Asset Purchase Agreement Insurance Agency

In order to facilitate the change of business, the parties may include agreements on how and the people who will inform customers of the purchase and sale, as well as other issues that may affect the business transition, such as the transfer of telephone lines, the transfer of mail, the withdrawal or placement of reports on the agency`s former website. Etc. Early resolution of these problems will contribute to a smooth business transfer. The payment of commissions and the accounting of the return commission are carried out on an ongoing basis. The agreement should include clear conditions for the allocation of commissions due or payable, liability for return commissions, expenses, costs and debts, and absolute data relating to these accounts and how these accounts are settled. Attention to details such as this in the agreement will help avoid disagreements and misunderstandings after closure. First, the buyer should verify (and insurance and warranties should indicate) that the seller`s current and former employees have no interest in ownership of the assets and that the expiry times were obtained directly by the seller and not by a brokerage company or other agreement. A buyer also wants to know whether the seller`s staff and manufacturer are subject to written non-invitation, confidentiality or non-competition agreements and the specific terms of those agreements. The value of the assets can quickly decrease if a former employee absolicits the company. Do you buy and sell shares or assets? If the assets, the agreement should include all assets that are included, as well as those that are expressly excluded. Expiration times are probably the greatest asset, but don`t forget physical property, for example.
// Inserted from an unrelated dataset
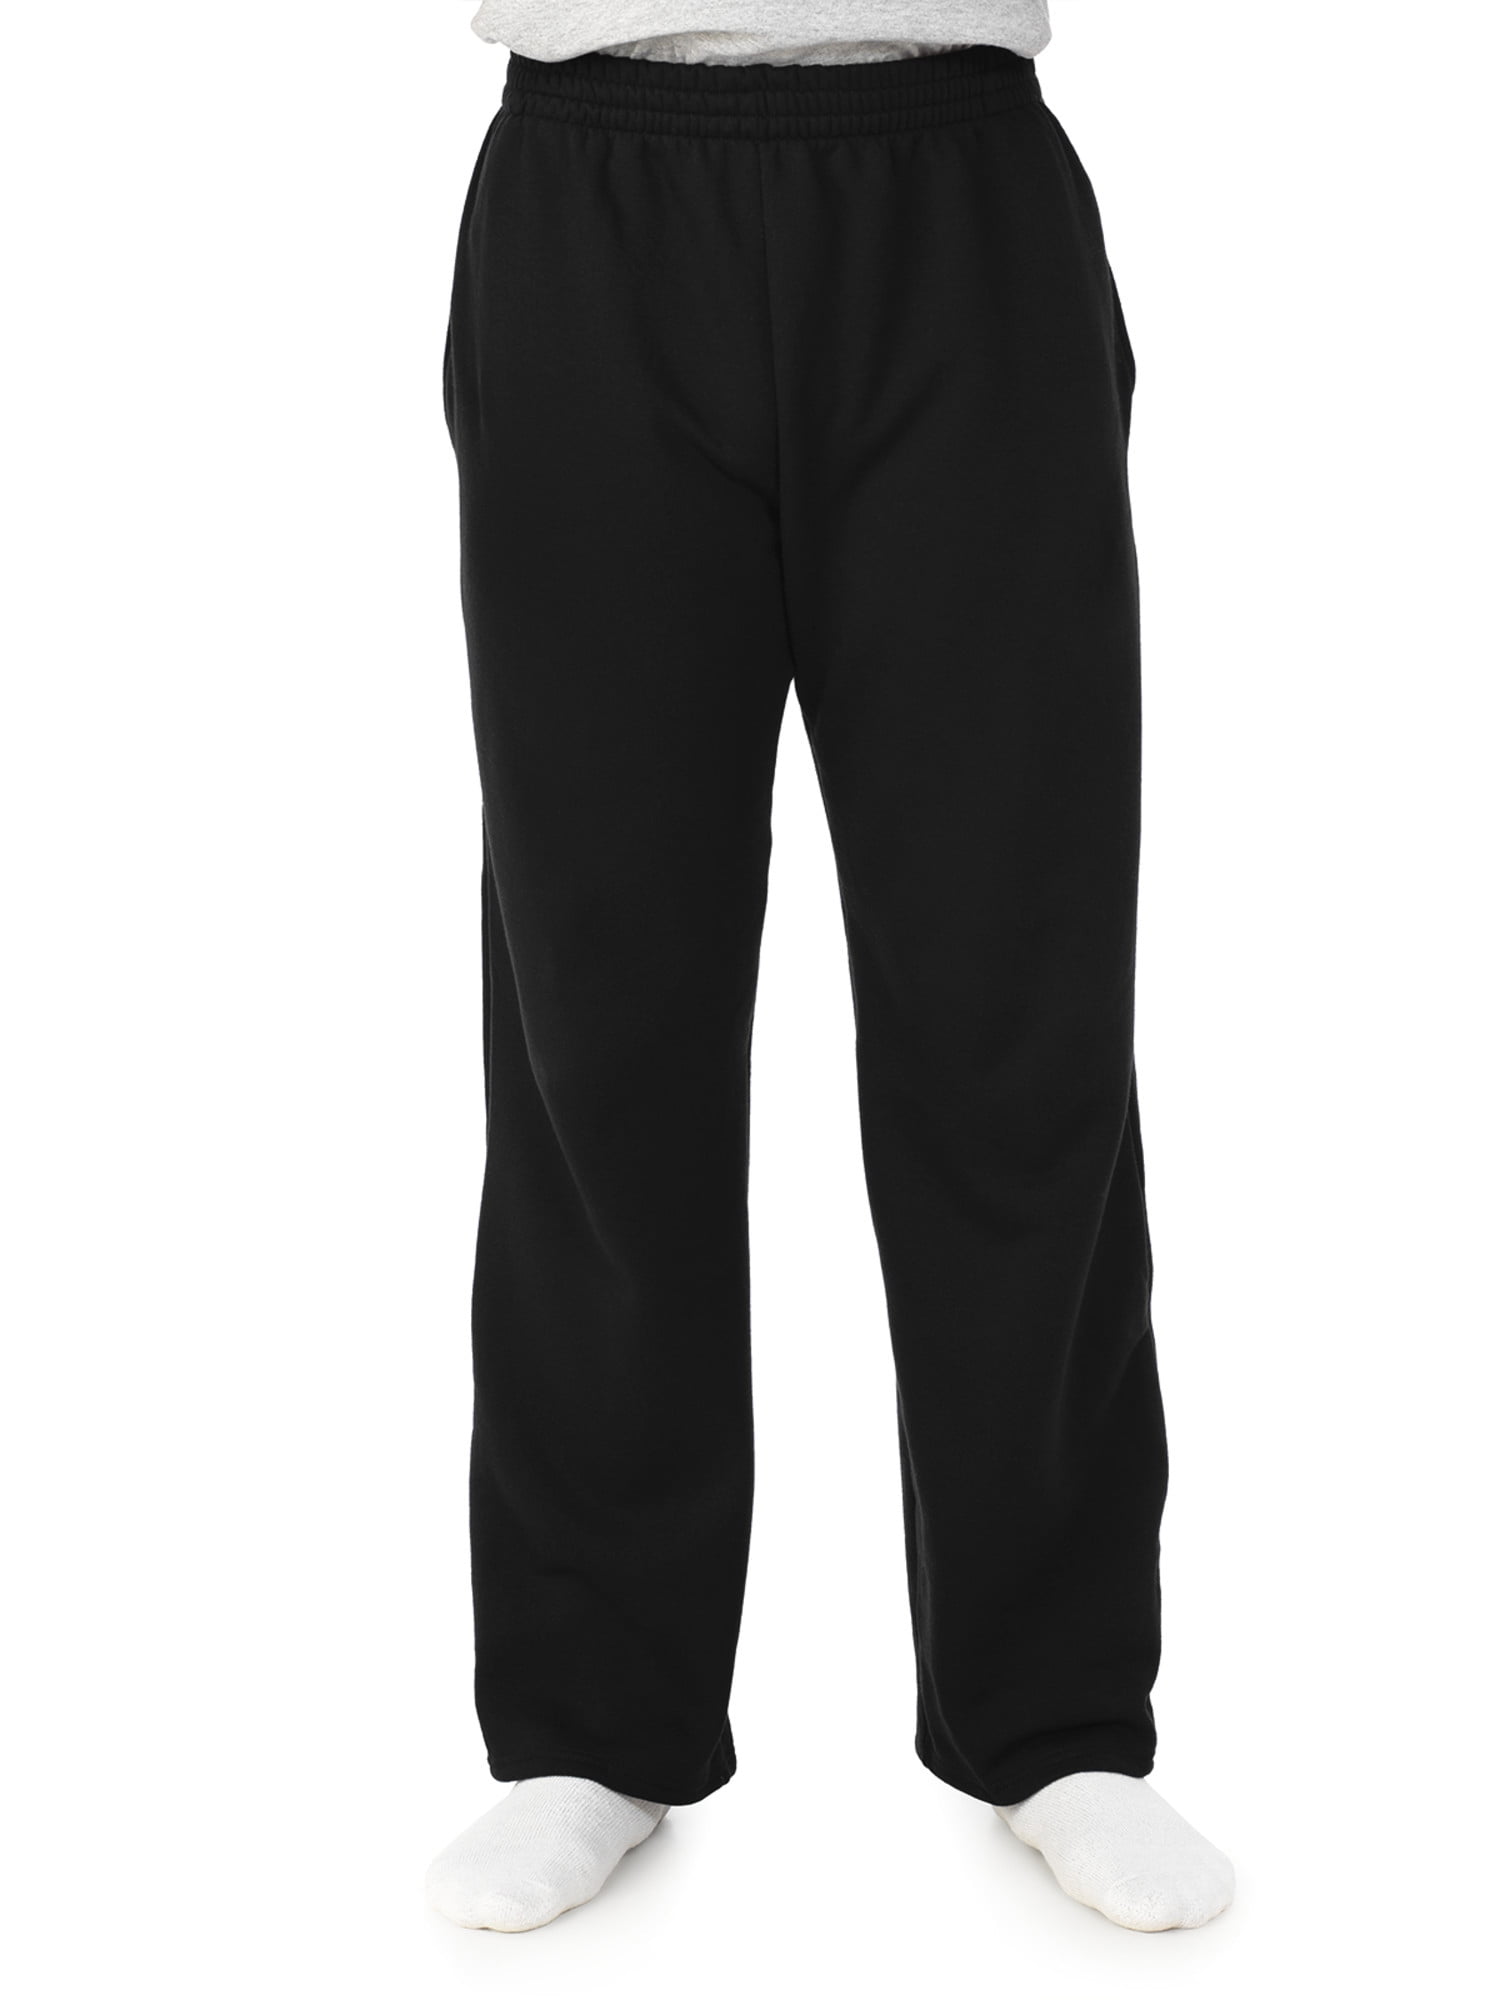 Fruit of the Loom Mens Big and Tall Pocketed Open Bottom Sweatpants

B the computer software you may need to access the expiry records. These include intangible information such as the right to use telephone numbers, fax numbers, web addresses and the name of the sales agency. To avoid disputes over the allocation of insurance policies in a business transaction, it is clear that insurance policies – not just policy revenues – are allocated if the intention is to allocate the seller`s existing insurance coverage to the buyer, the transfer clauses in the purchase contract must be clear, that policies – not just policy revenues – are allocated. And to make this clear, specificity is needed with regard to policies (according to a timetable) and it is necessary to specify which policies will be covered. Depending on the size and complexity of the acquired business book and the relative knowledge of the buyer and seller, the buyer can only require the seller`s cooperation after the sale or need more support. The agreement should require the cooperation of the seller and determine the scope and duration of the cooperation. The buyer and seller may also agree to a advisory agreement specifying certain obligations and allowances. The asset purchase agreement in the section describing the acquired assets provides, among other things, that the purchaser would acquire all rights, securities and interest from the seller on “all products payable under an insurance policy that acquires assets acquired as a result of all the facts prior to the closing date.” In the “Insurance” section, the contract provides that all rights that the seller may have vis-à-vis his insurers with respect to the acquired assets are transferred to the buyer at closing.